La Cassazione ha infatti stabilito (sentenze 9451/2016, 7291/2016 e 7371/2016) che possono accedere ai rimborsi tutti i professionisti con un unico dipendente che svolga con orario full time mansioni meramente esecutive o di segreteria. Nel caso in cui segretari o infermieri lavorino ad orario part-time, sono esenti dall’Irap anche i camici bianchi con due dipendenti. Allo stesso modo, non devono versare l’Irap i medici professionisti che svolgono l’attività in forma associativa in convenzione con il Servizio sanitario nazionale. Come sottolineato da Pantano, altro requisito fondamentale per poter accedere all’azione risarcitoria è lavorare in uno studio medico attrezzato solo con la strumentazione necessaria per l’attività.

Tuttavia, nonostante i requisiti siano oramai chiari, sono molti i commercialisti che hanno continuato a far pagare l’Irap a medici che non dovrebbero versarla. «Sinceramente mi aspettavo una maggiore attenzione dei commercialisti al rispetto delle nuove normative», è il commento di Pantano. Chiunque ritenga di rientrare nella categoria degli esentati e si rispecchia nella descrizione dei requisiti, ha dunque il diritto a recuperare quanto ingiustamente versato. È possibile infatti presentare la dichiarazione integrativa a favore del contribuente, introdotta lo scorso anno con il decreto fiscale 193/2006, fino alla scadenza del termine di decadenza dell’azione accertatrice. Una delle principali conseguenze di questo provvedimento è l’allungamento del periodo in cui si può andare a ritroso per ottenere il credito, che passa da quattro a cinque anni.

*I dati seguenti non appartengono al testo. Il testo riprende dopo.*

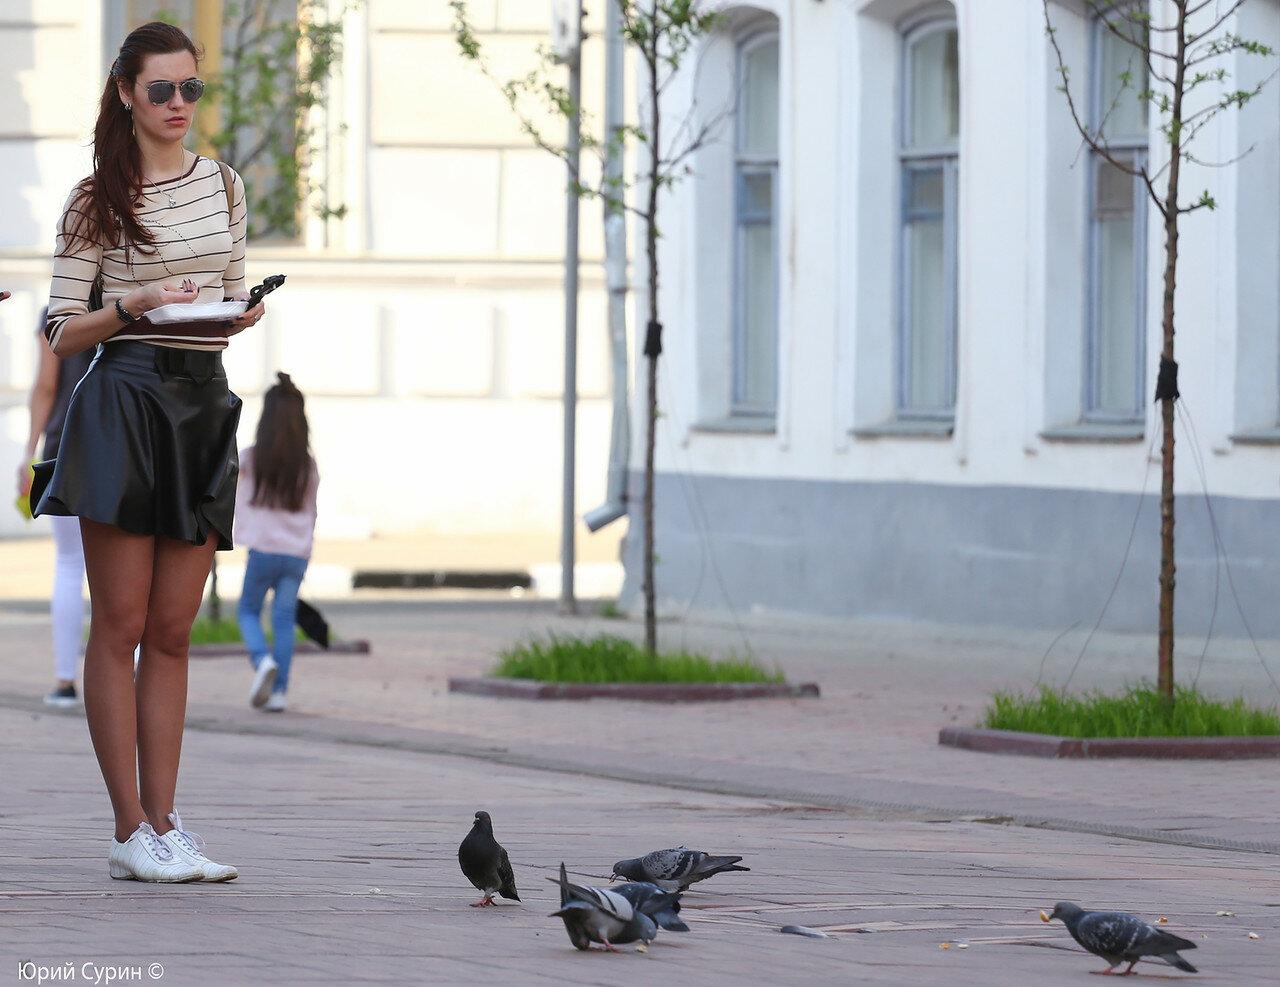 слежка девушек на улицах видео фото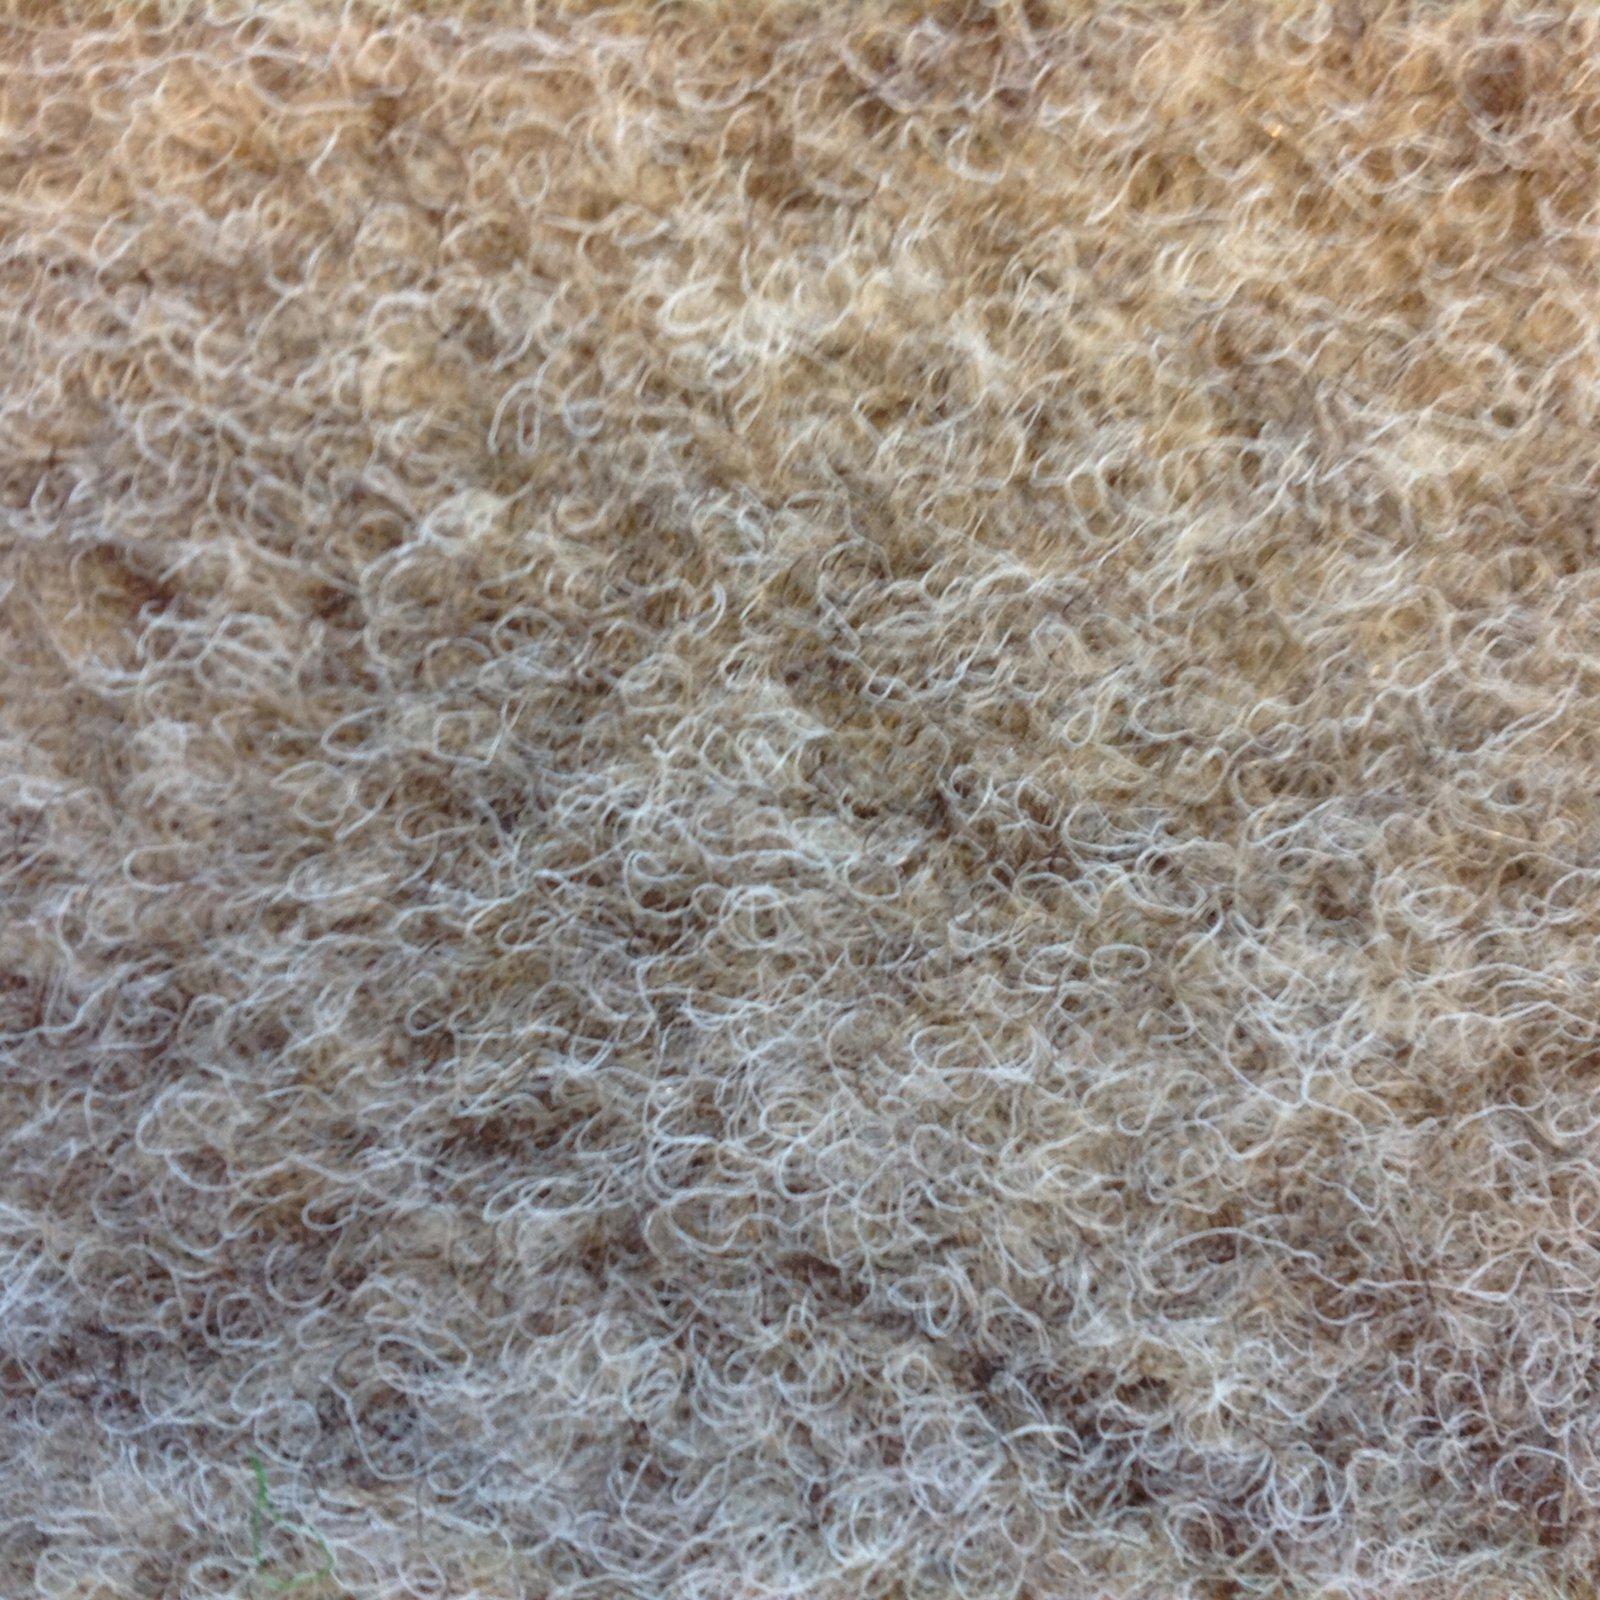 kunstrasen wembley beige 2 meter breit teppichboden bodenbel ge renovieren roller. Black Bedroom Furniture Sets. Home Design Ideas

«I documenti da presentare – spiega ancora Pantano – sono i modelli Irap dell’ultimo quinquennio con relativi F24 e un’autocertificazione attestante notizie relative, ad esempio, al numero dei dipendenti, alle attività che svolgono e con quale orario di lavoro e di quali beni strumentali si dispone per lo svolgimento dell’attività».